▶ **DIRECTIONS**
Beginning with the line that holds "Kulturerbe in der", output every remaining line of the material below exactly, and include none of the pictures.
-------- EXERCISE DATA
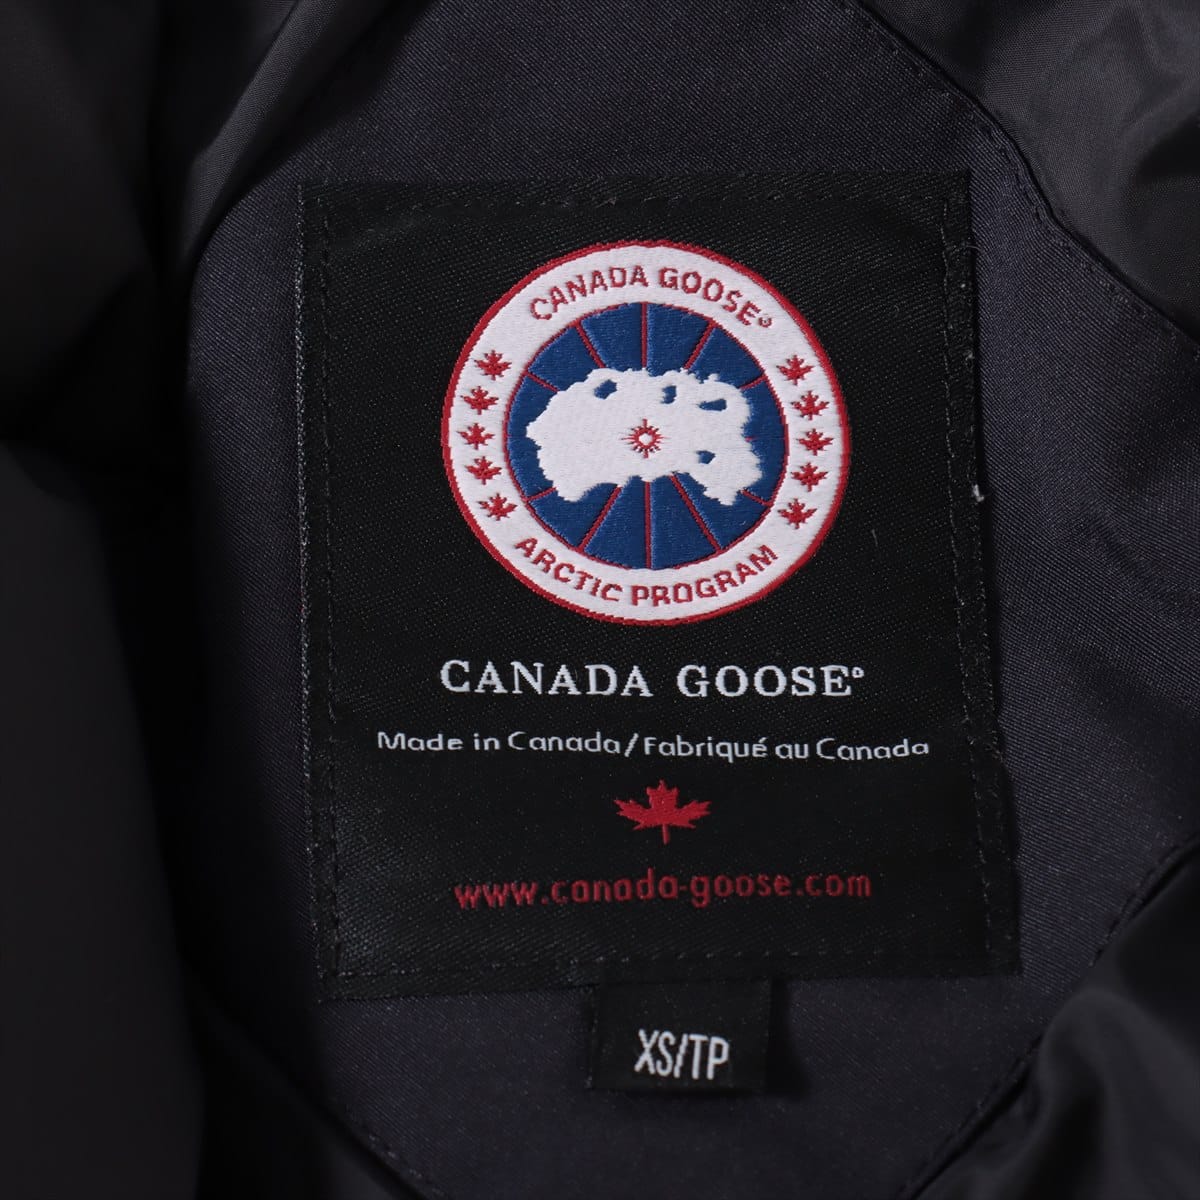 カナダグース JASPER コットン×ポリエステル ダウンジャケット XS/TP メンズ ネイビー  3438JM グリフィン ブラックラベル
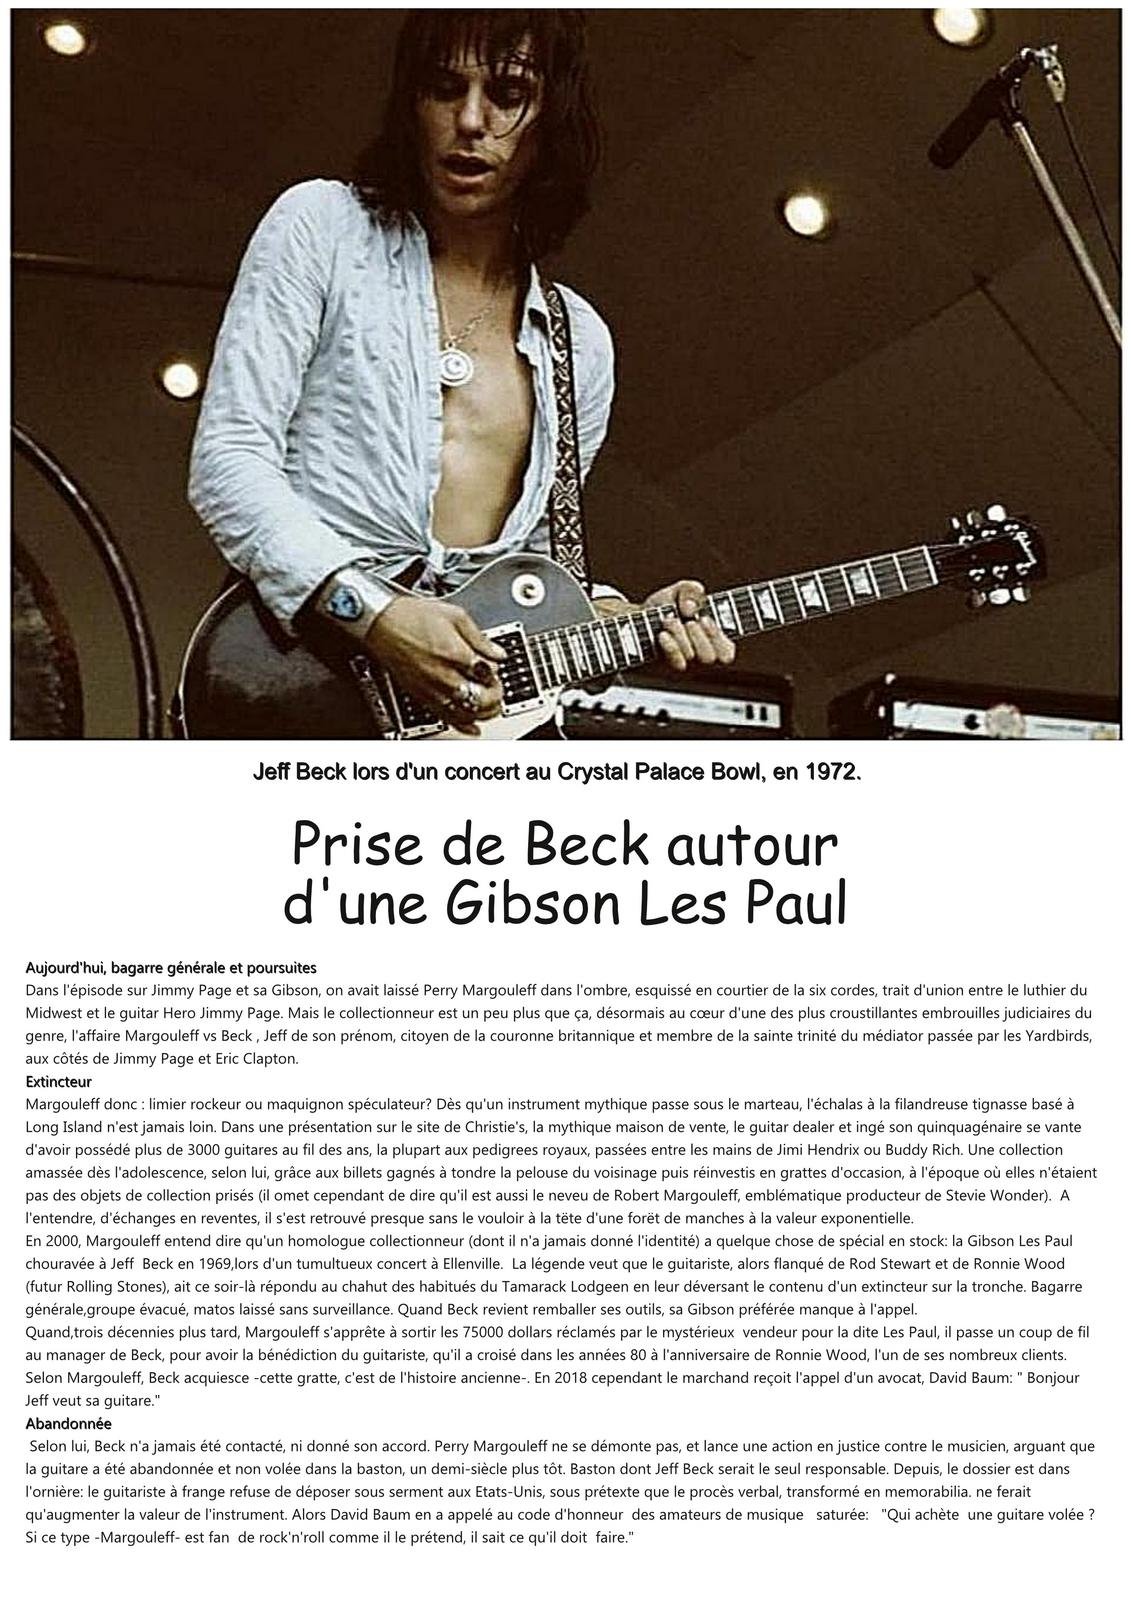 Prise de Beck autour d'une Gibson.jpg
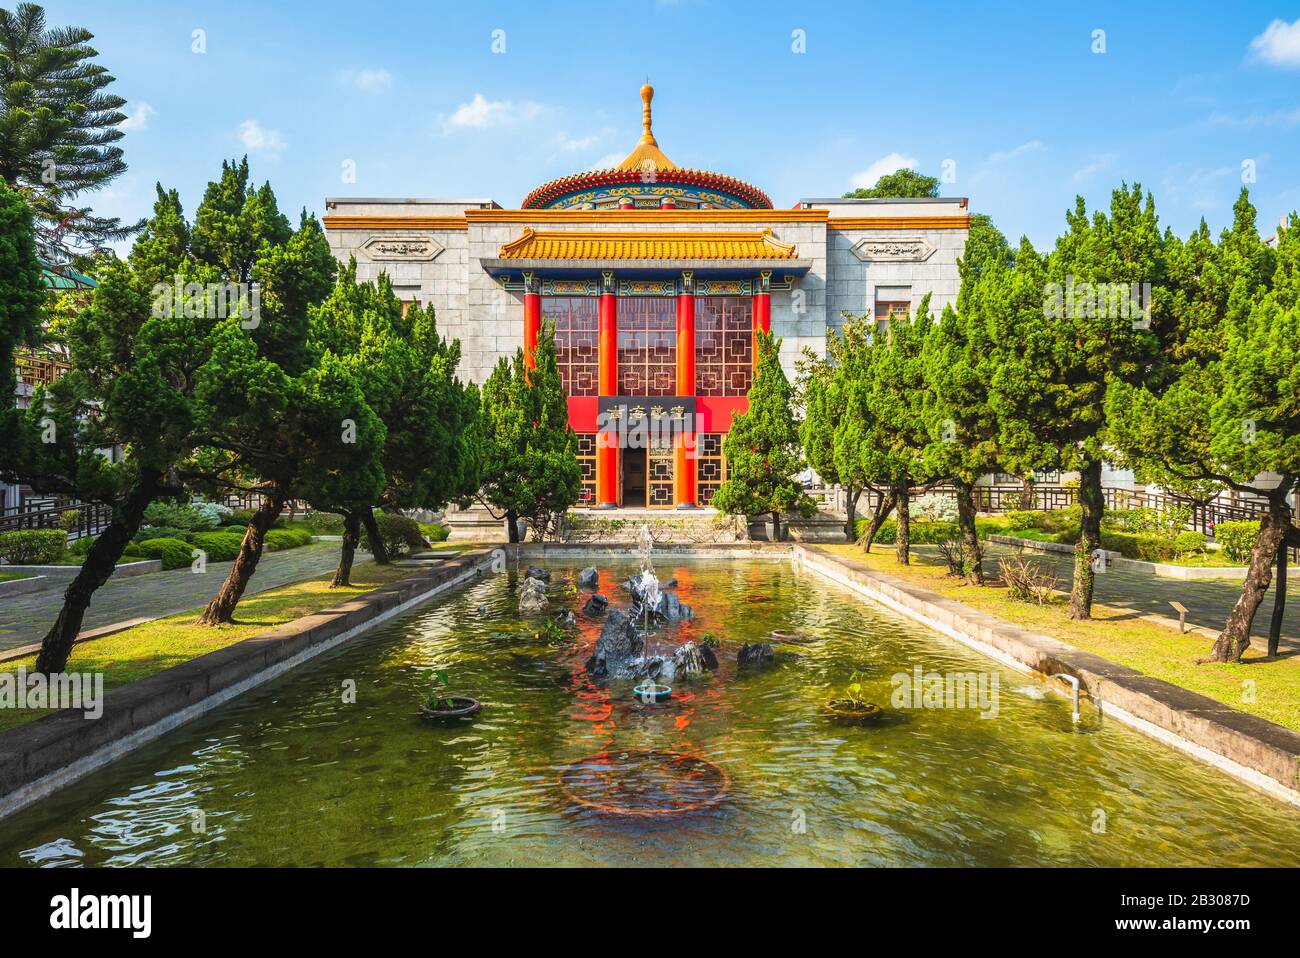 Kulturerbe in der Nanhai Academy, taipeh, taiwan. Die Übersetzung des chinesischen Textes lautet "Nanhai Art Forum". Stockfoto
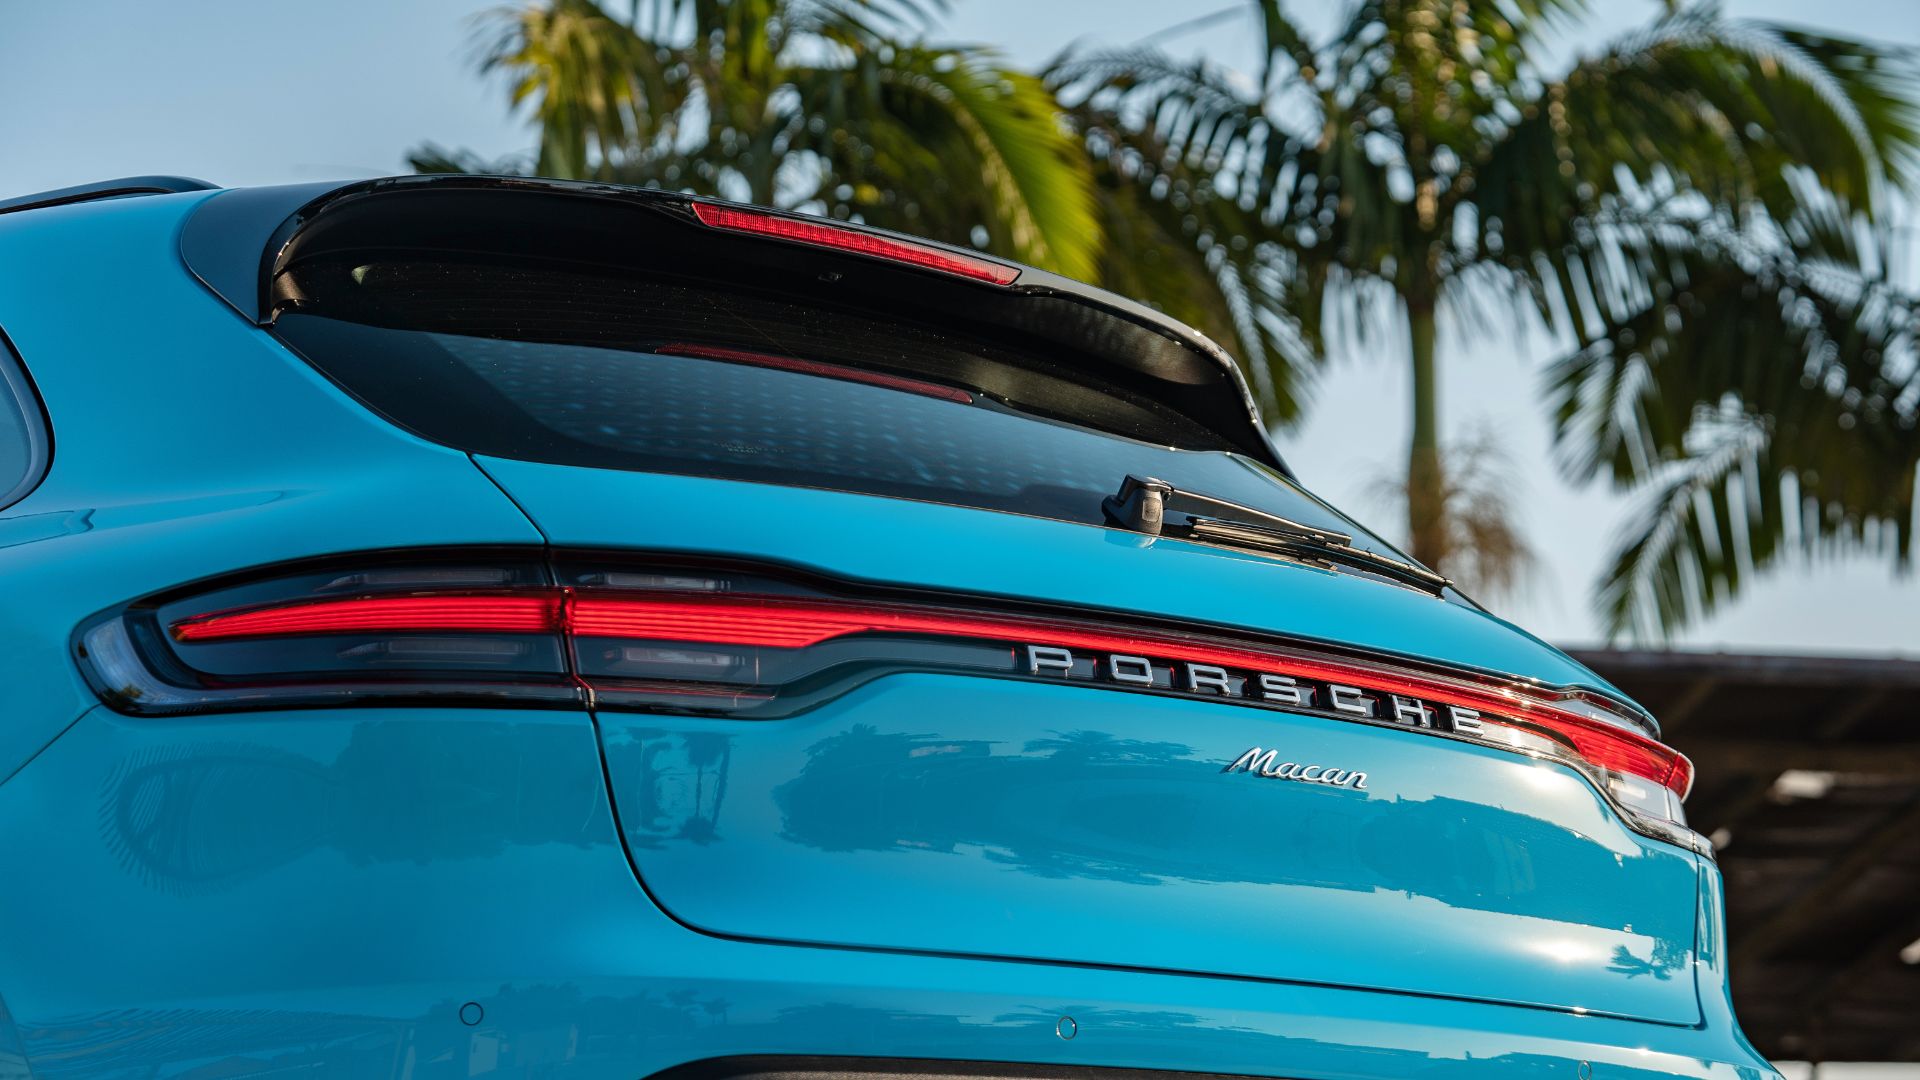 Testamos: Porsche Macan, o carro de entrada da marca alemã no Brasil -  Opinião - InfoMoney
----------------
▶ **SOLUTION TO THIS TASK**
 Kulturerbe in der Nanhai Academy, taipeh, taiwan. Die Übersetzung des chinesischen Textes lautet "Nanhai Art Forum". Stockfoto
 Testamos: Porsche Macan, o carro de entrada da marca alemã no Brasil -  Opinião - InfoMoney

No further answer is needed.